End-points of a latus rectum

For $LR$ passing through $\mathrm{S}(\mathrm{ae}, 0)$ :

$
L\left(a e, \frac{b^2}{a}\right) ; L^{\prime}\left(a e,-\frac{b^2}{a}\right)
$
For LR passing through $S^{\prime}(-a e, 0)$ :

$
L_1\left(-a e, \frac{b^2}{a}\right) ; L_1^{\prime}\left(-a e,-\frac{b^2}{a}\right)
$

Parametric equation of Hyperbola

The equations $x=a \sec \theta, y=b \tan \theta$ are called the parametric equation of the hyperbola
The circle with centre $O(0,0)$ and $O A$ as the radius is called the auxiliary circle of the hyperbola.

Derivation of Parametric equation of Hyperbola

Draw $PN$ perpendicular to the $x$-axis axis and $N Q$ be a tangent to the auxiliary circle. Let be $\angle \mathrm{QON}=\theta$ (This angle is also known as Eccentric Angle). Hence, the parametric equation of circle at point $Q (a \cos \theta$, a \sin \theta )$.

$
\begin{aligned}
& \text { now, } x=\frac{\mathrm{ON}}{\mathrm{OQ}} \cdot \mathrm{OQ}=\sec \theta \cdot \mathrm{a} \\
& \mathrm{x}=\mathrm{a} \sec \theta \\
& \mathrm{P}=(\mathrm{a} \sec \theta, \mathrm{y})
\end{aligned}
$
$P$ lies on the hyperbola

$
\begin{aligned}
& \frac{a^2 \sec ^2 \theta}{a^2}-\frac{y^2}{b^2}=1 \\
& y= \pm b \tan \theta
\end{aligned}
$
Point $P$ is $(\mathrm{a} \sec \theta, \mathrm{b} \tan \theta)$

Conjugate Hyperbola

Conjugate hyperbolas are hyperbolas with the same center but the transverse axes and the conjugate axes of the hyperbolas are interchanged.

For instance, the conjugate hyperbola of the hyperbola $\frac{(x-2)^2}{4}-\frac{(y-3)^2}{9}=1$ is $\frac{(x-2)^2}{9}-\frac{(y-3)^2}{4}=1$.

Rectangular Hyperbola

A rectangular hyperbola is a special type of hyperbola whose asymptotes of hyperbola are perpendicular to each other. And the length of the conjugate axis is equal to transverse axis.

In this case, $a=b$.

Rectangular Hyperbola Shape

Rectangular hyperbola consists of two curves or branches located in the opposite quadrants (such as first and third quadrant). These branches never touch the asymptotes of hyperbola (x-axis, y-axis).

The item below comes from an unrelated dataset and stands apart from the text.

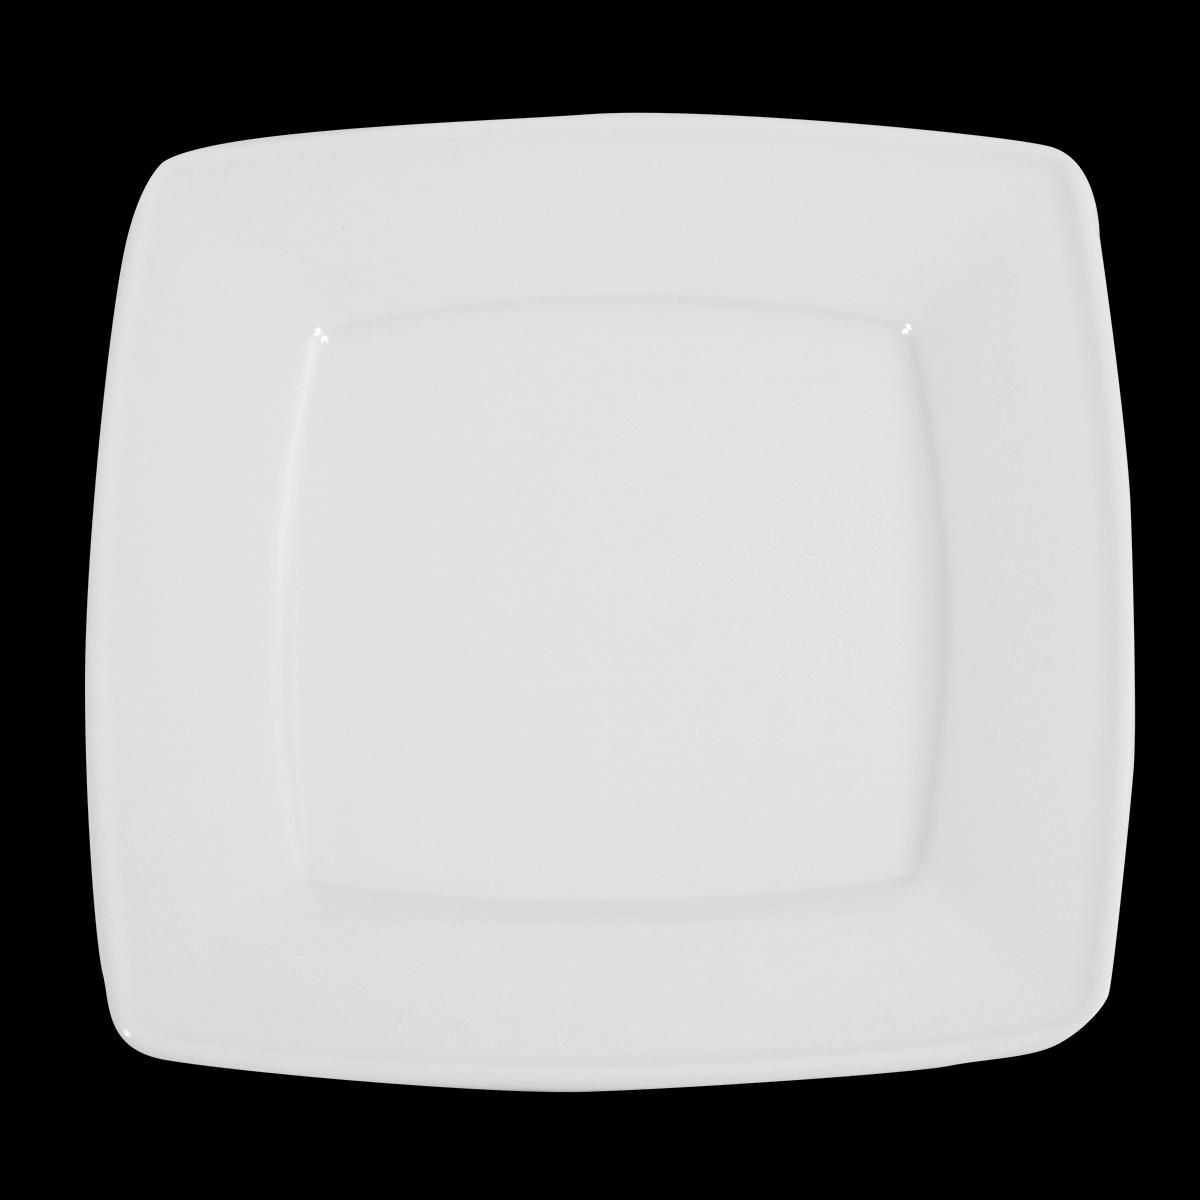 Menüteller Ambrassador, weiß, 26 cm

The equation of a rectangular hyperbola can be denoted using various forms, as per the orientation and center entails provided. Below are the equation of rectangular hyperbola:

Standard Equation (centered at the origin)

For a rectangular hyperbola, having asymptotes along the coordinate axis, the standard form of the rectangular hyperbola equation:

$xy = c^2$.

Here c is the constant which shows the size of hyperbola. It has asymptotes along the x axis, y axis.

General Equation (symmetry about the origin)

For the hyperbola, which is symmetric about the origin, is:

$\frac{x^2}{a^2} - \frac{y^2}{b^2} = 1$

Parametric Form

The parametric form of rectangular parabola equation is:

$x = ct, \, y = \frac{c}{t}$

Rectangular Hyperbola Graph

A rectangular hyperbola is a type of hyperbola that is specifically defined as having the property that the asymptotes are perpendicular to each other, forming a right angle. Graph of a Rectangular Hyperbola with equation $x y=c^2$ where $c$ is a constant that determines the scale of the hyperbola.

If we rotate the coordinate axes by $45^{\circ}$ keeping the origin fixed, then the axes coincide with lines $y$ $=x$ and $y=-x$

Using rotation, the equation $x^2-y^2=a^2$ reduces to
\[ \begin{aligned} & xy = \frac{a^2}{2} \\ & \Rightarrow xy = c^2 \end{aligned} \]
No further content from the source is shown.